§ **What the exercise asks**
In the listing below, the lines starting with the line with "ドコモのiPhone SE3予約" and going on through the line with "Israel y Alemania" are to be reproduced exactly, and only those.

Segment Start: Excerpted records

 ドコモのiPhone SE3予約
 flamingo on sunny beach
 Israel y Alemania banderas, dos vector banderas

Segment End: Excerpted records
Segment Start: Excerpted records

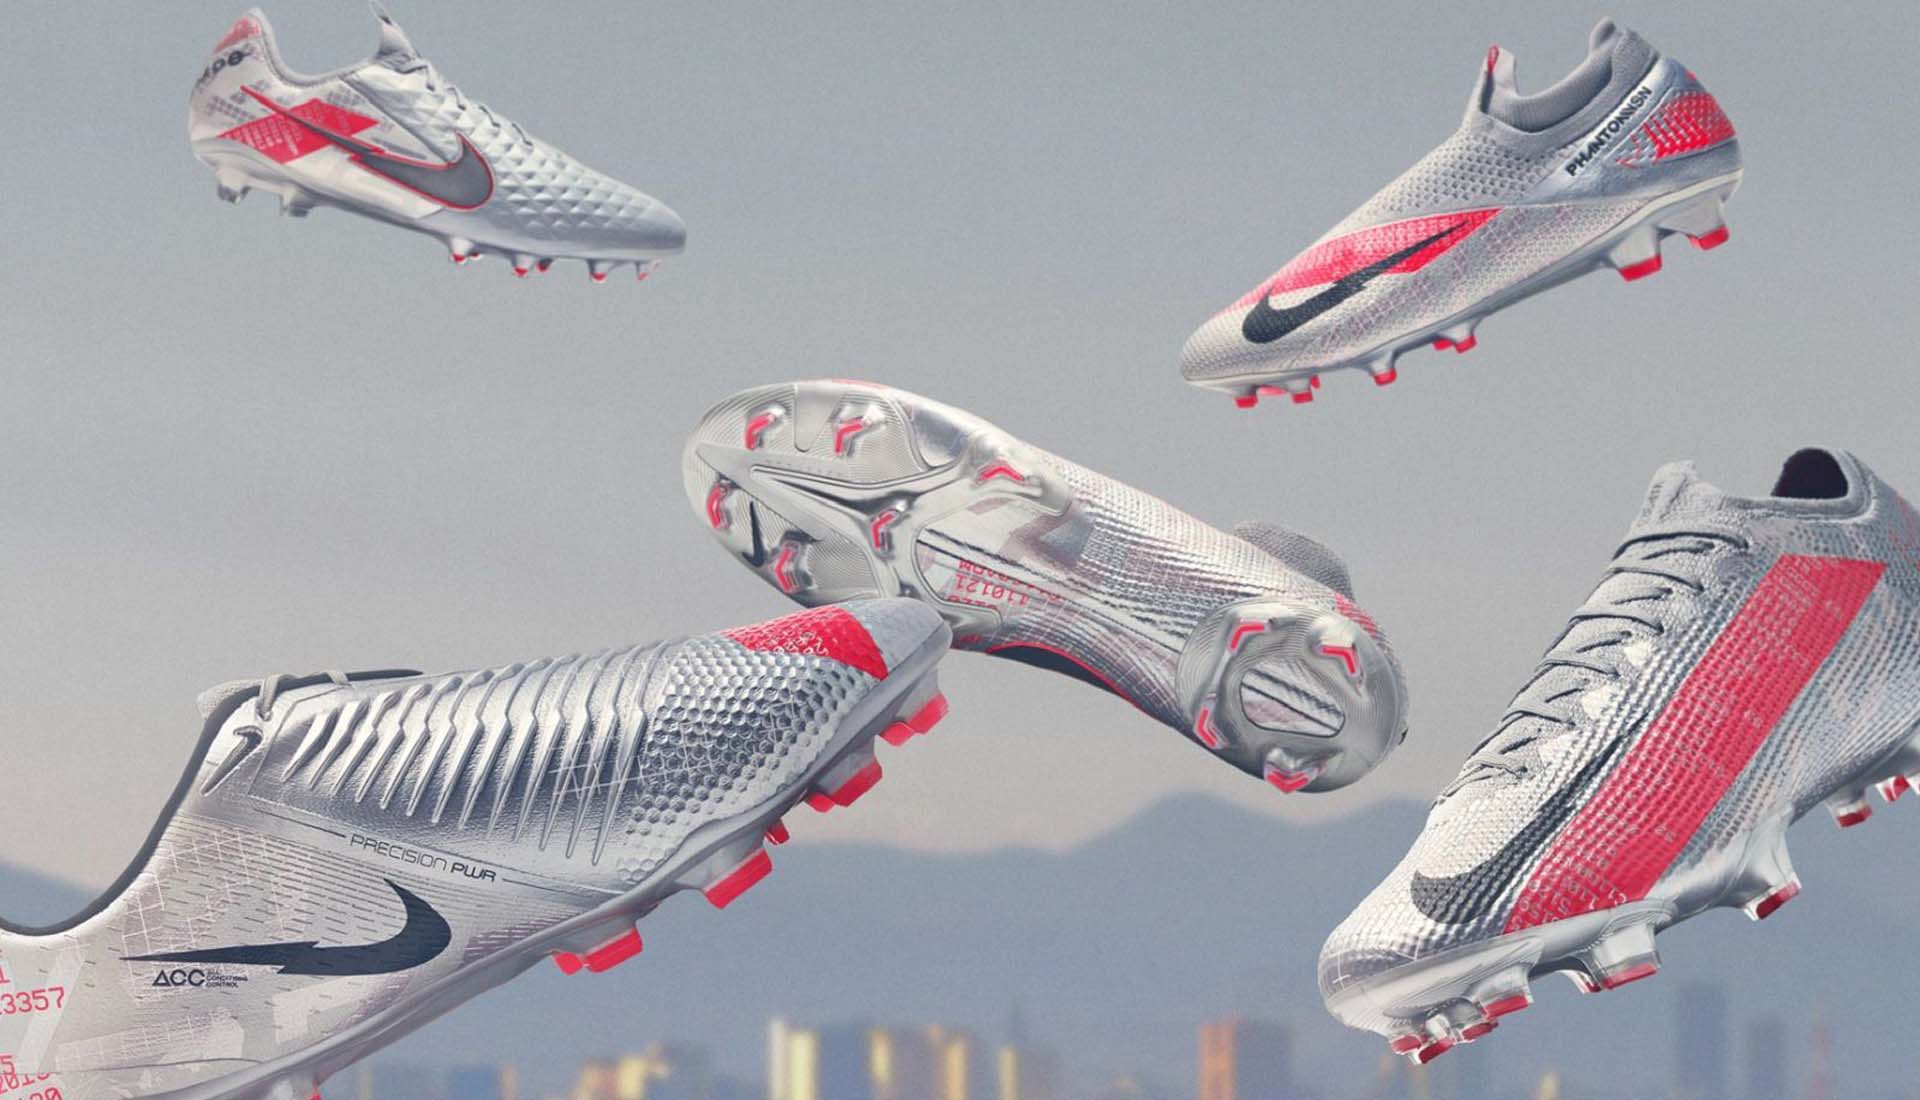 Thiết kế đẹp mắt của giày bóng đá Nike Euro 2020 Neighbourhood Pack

Segment End: Excerpted records

§ **Final answer**
 ドコモのiPhone SE3予約
 flamingo on sunny beach
 Israel y Alemania banderas, dos vector banderas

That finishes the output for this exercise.